[Input data]
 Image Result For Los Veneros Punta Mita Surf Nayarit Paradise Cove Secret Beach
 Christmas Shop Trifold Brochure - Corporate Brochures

* * *

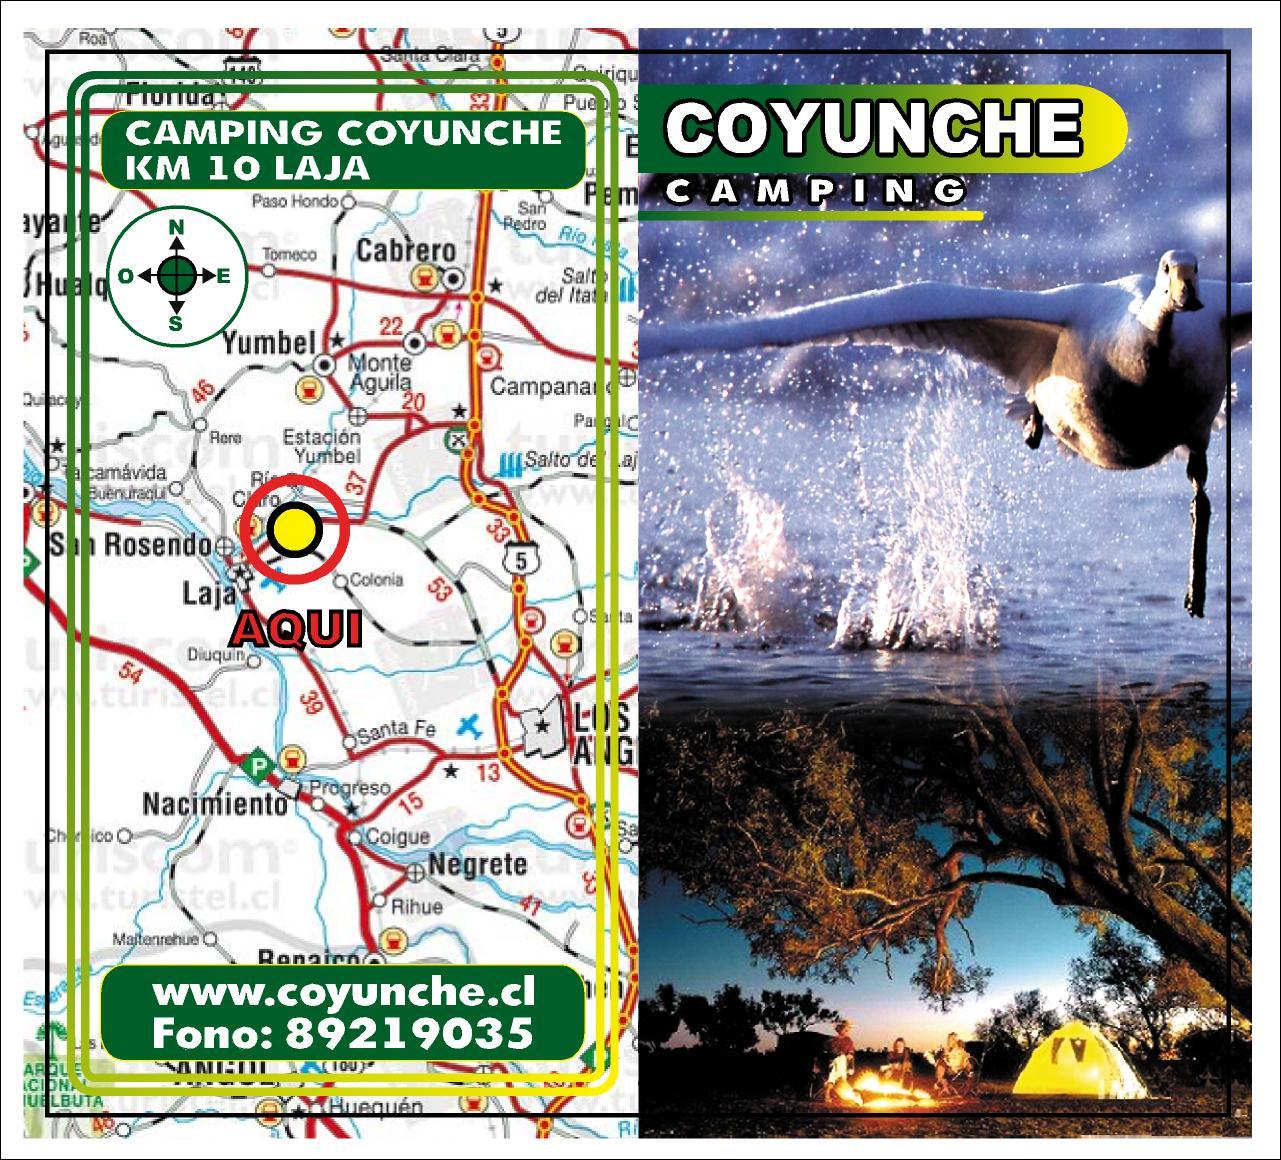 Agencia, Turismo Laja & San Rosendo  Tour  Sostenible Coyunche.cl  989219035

...

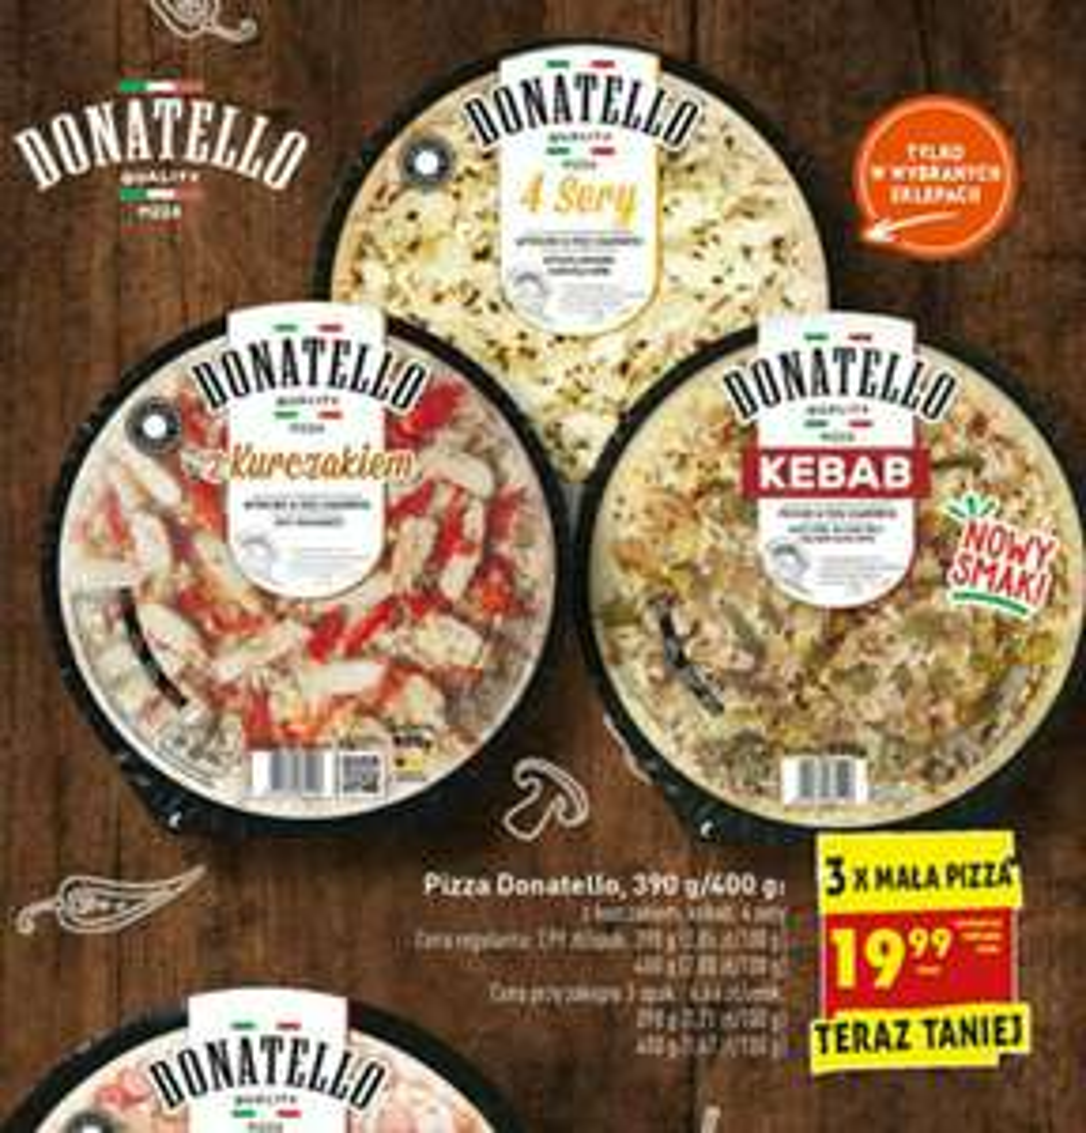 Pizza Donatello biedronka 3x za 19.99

[Exercise goal]
The reply should hold only the lines of the listing above starting at the line containing "Image Result For" and ending at the line containing "Christmas Shop Trifold", exactly as written.

[The completed task]
 Image Result For Los Veneros Punta Mita Surf Nayarit Paradise Cove Secret Beach
 Christmas Shop Trifold Brochure - Corporate Brochures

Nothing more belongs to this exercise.